One of the nineteenth-century novelists he so admired might have described my uncle as follows: a plump, heavily built man of about sixty, with dark skin and a fine bald head, who usually dressed in blue and yellow. The caricature of him that hung in his library depicted him as half bon vivant and half Roman senator, but omitted his most marked characteristic: the vivacity of his small, dark eyes. For my uncle never had the resigned, sceptical look of a man who has lived a lot and has no further interest in seeing more of life, but of a man in whose eyes there still shines the enthusiastic, mischievous, joyful spirit of someone off to their first party. That — the spirit so evident in his eyes — was at the root of his literary gatherings, his ceremonies, his illuminated palm tree, at the root of his struggle against the banal way of life the world otherwise offered him.

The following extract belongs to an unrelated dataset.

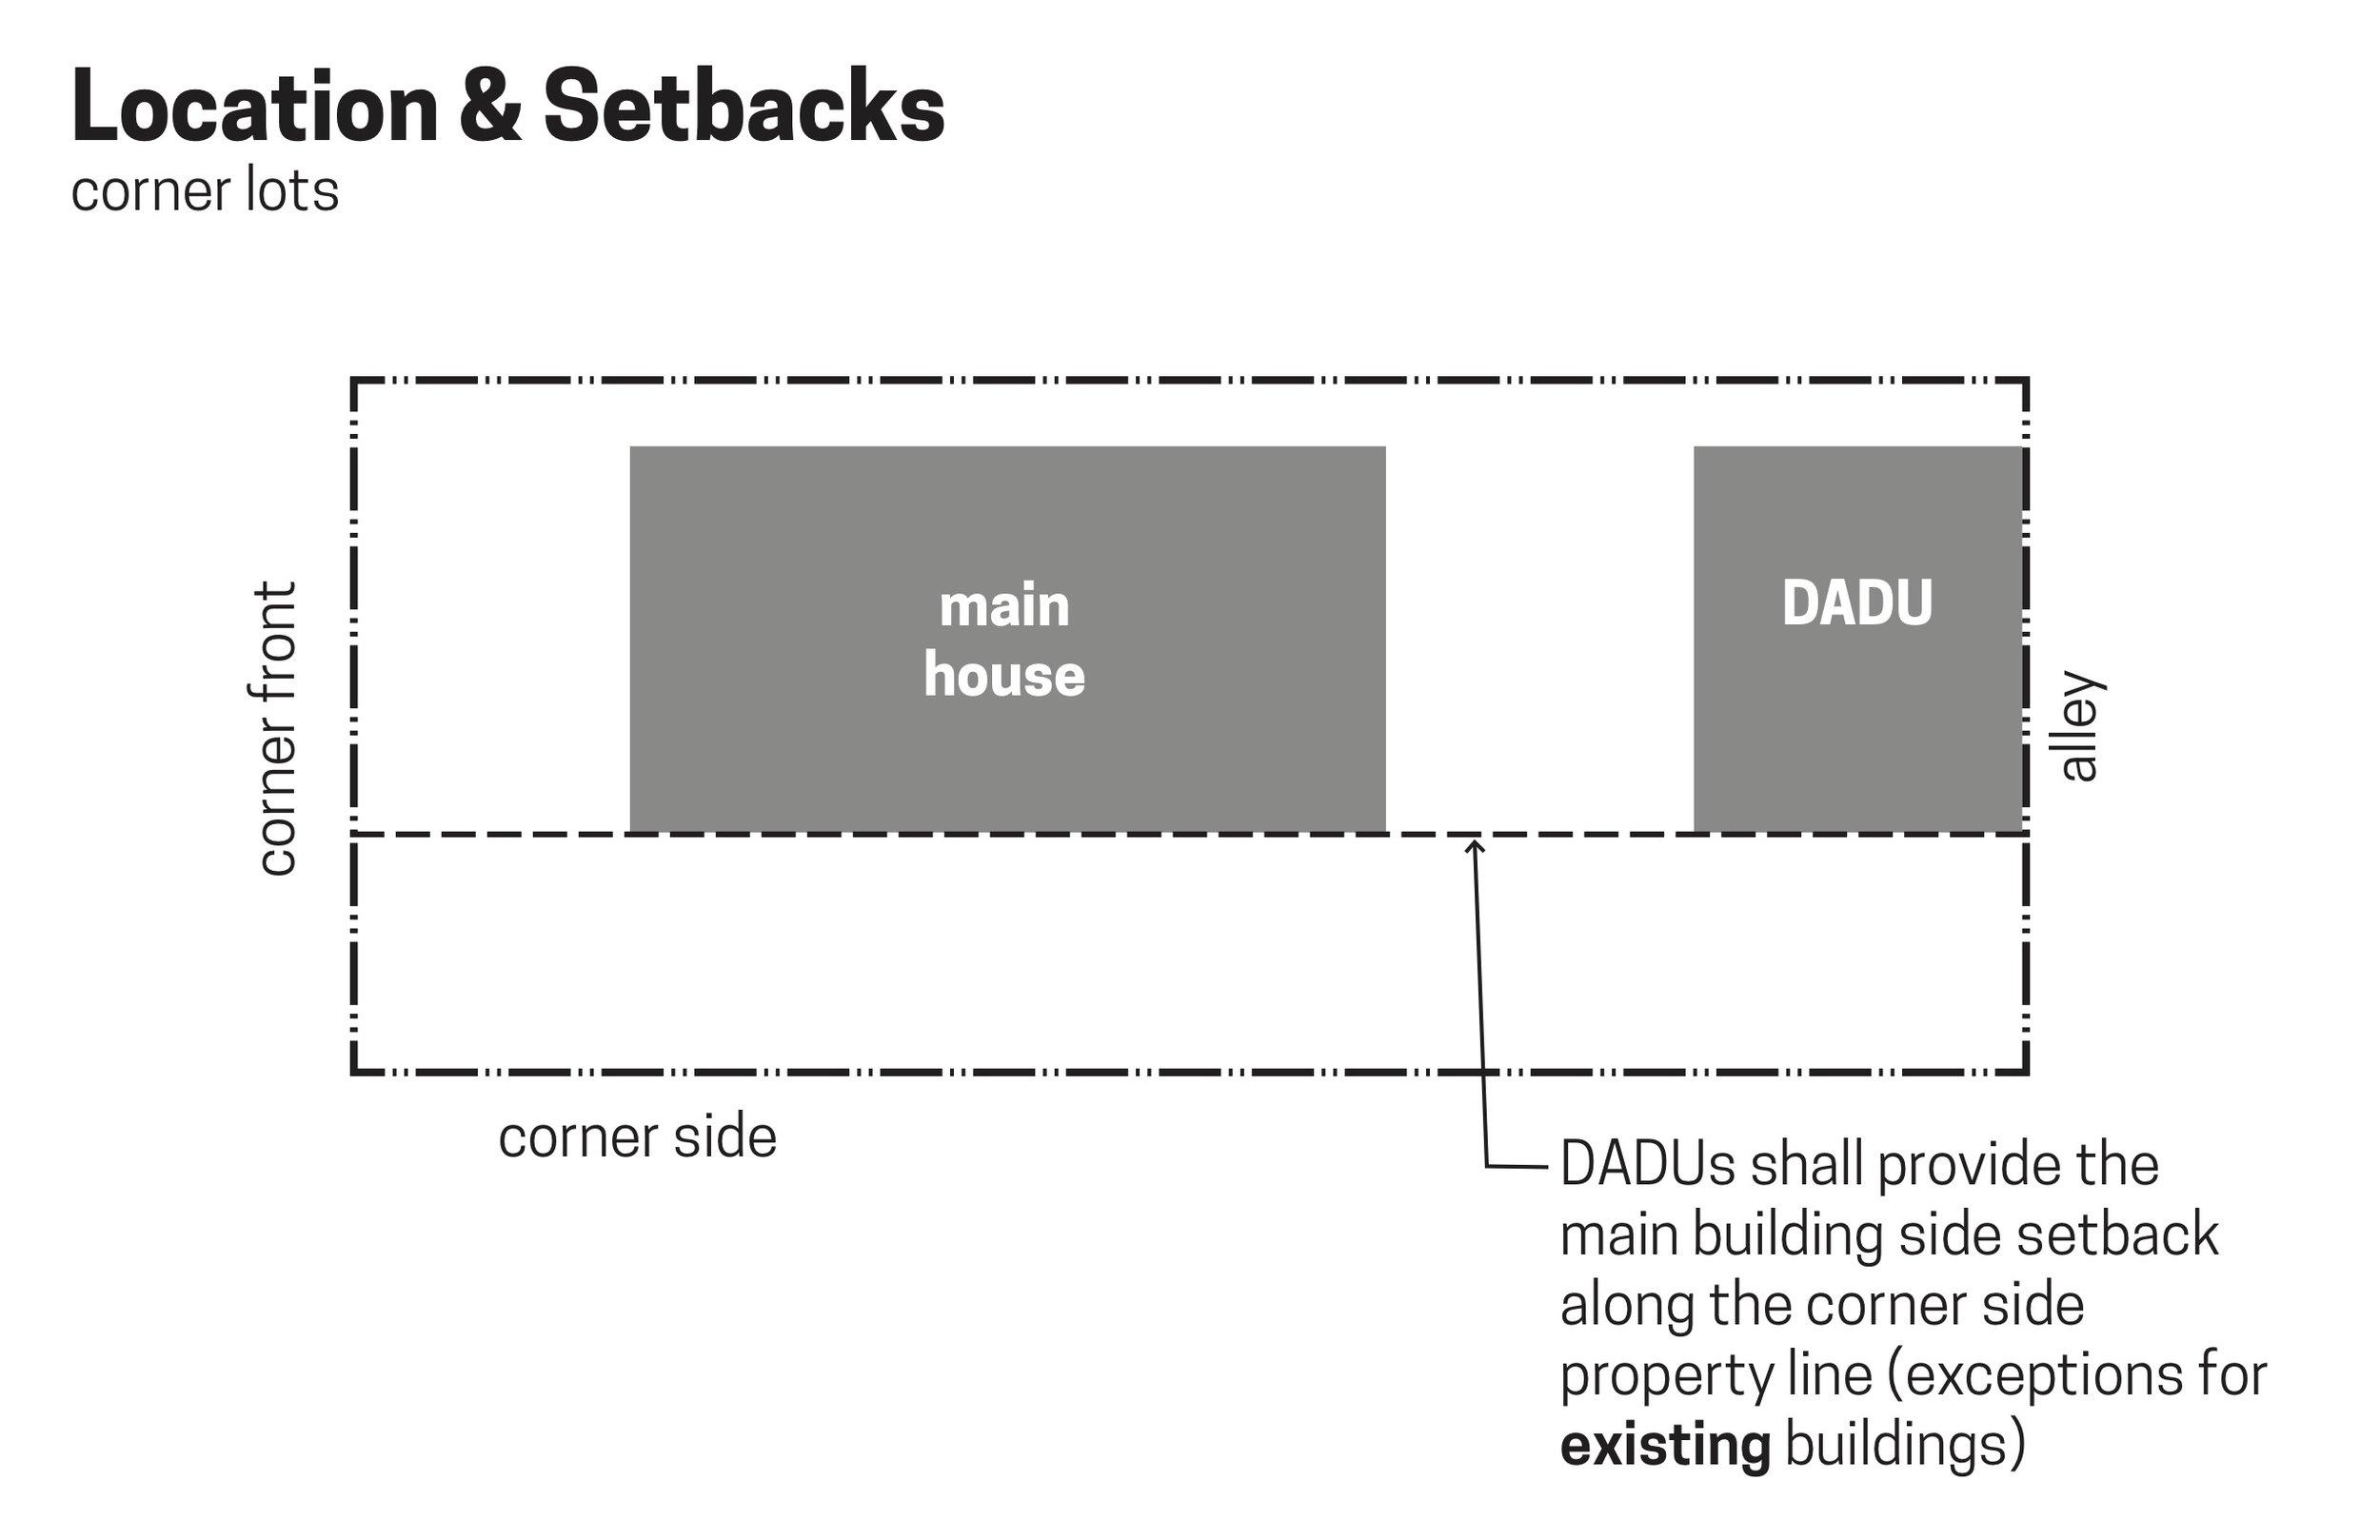 wc-studio-DADU-location-setbacks-corner-lot.jpg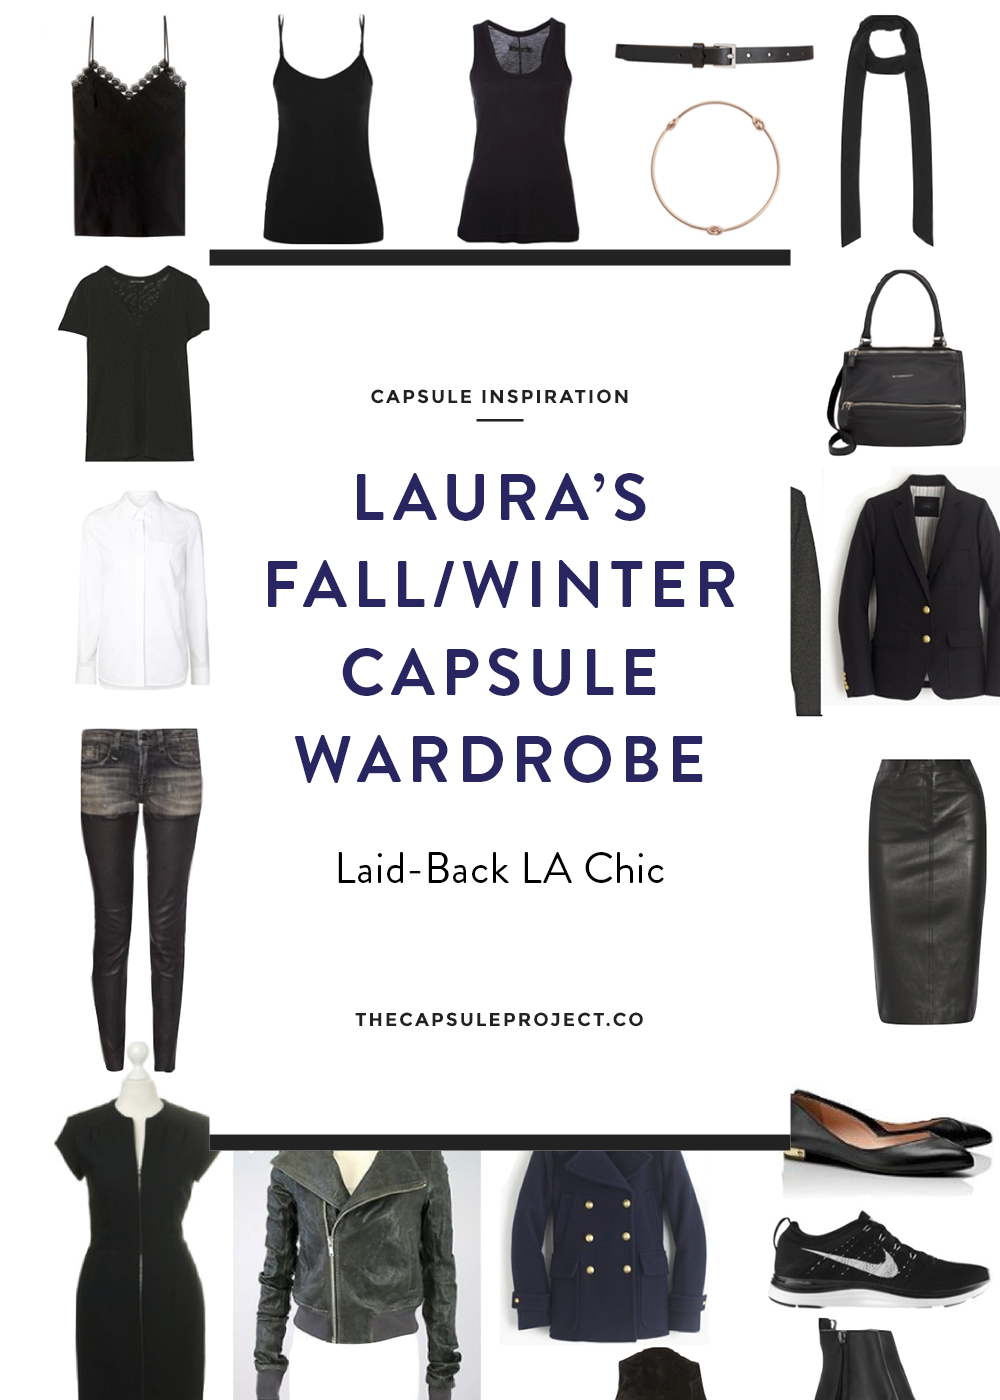 Winter Capsule Wardrobe For 2017 And 2018: Reader Feature: Laura's LA Chic Fall/Winter Capsule

“What do you think programs are for?” asked my uncle, coming over to us, smiling.

But the question was purely rhetorical and we embraced and greeted each other, laughing.

“And I’ll tell you something else,” he went on. “What you’ve just read is water under the bridge. I certainly wouldn’t make fun now of anyone capable of plagiarizing that well.”

“Yes, we’ve noticed your new attitude toward plagiarism. And to be honest we find it very odd,” I said.

“But how did you find out?”

“From the note you left us in the mailbox, Uncle.”

“Oh, of course! I’m so pleased with my change of mind that I can’t keep it to myself and I take every opportunity to let others know about it. But we’ll talk about that later. Now I’m going to give you breakfast.” And, saying that, my uncle laughed to himself.

“He’s up to something,” I said when he’d slipped away to the kitchen.

“Plagiarism is the goose that laid the golden egg! You bet it is!” we heard him say.

During breakfast we spoke only of everyday things. And when there wasn’t a single croissant, pancake, or bun left on the tray, we each picked up our second or third cup of coffee and began the reading session.

I read the first four stories: “Hans Menscher,” “How to Write a Story in Five Minutes,” “Klaus Hanhn,” and “Margarete and Heinrich, Twins.” Then it was my friend’s turn. He read “I, Jean Baptiste Hargous.” And finally my uncle set forth his new theory with a text entitled “How to Plagiarize.”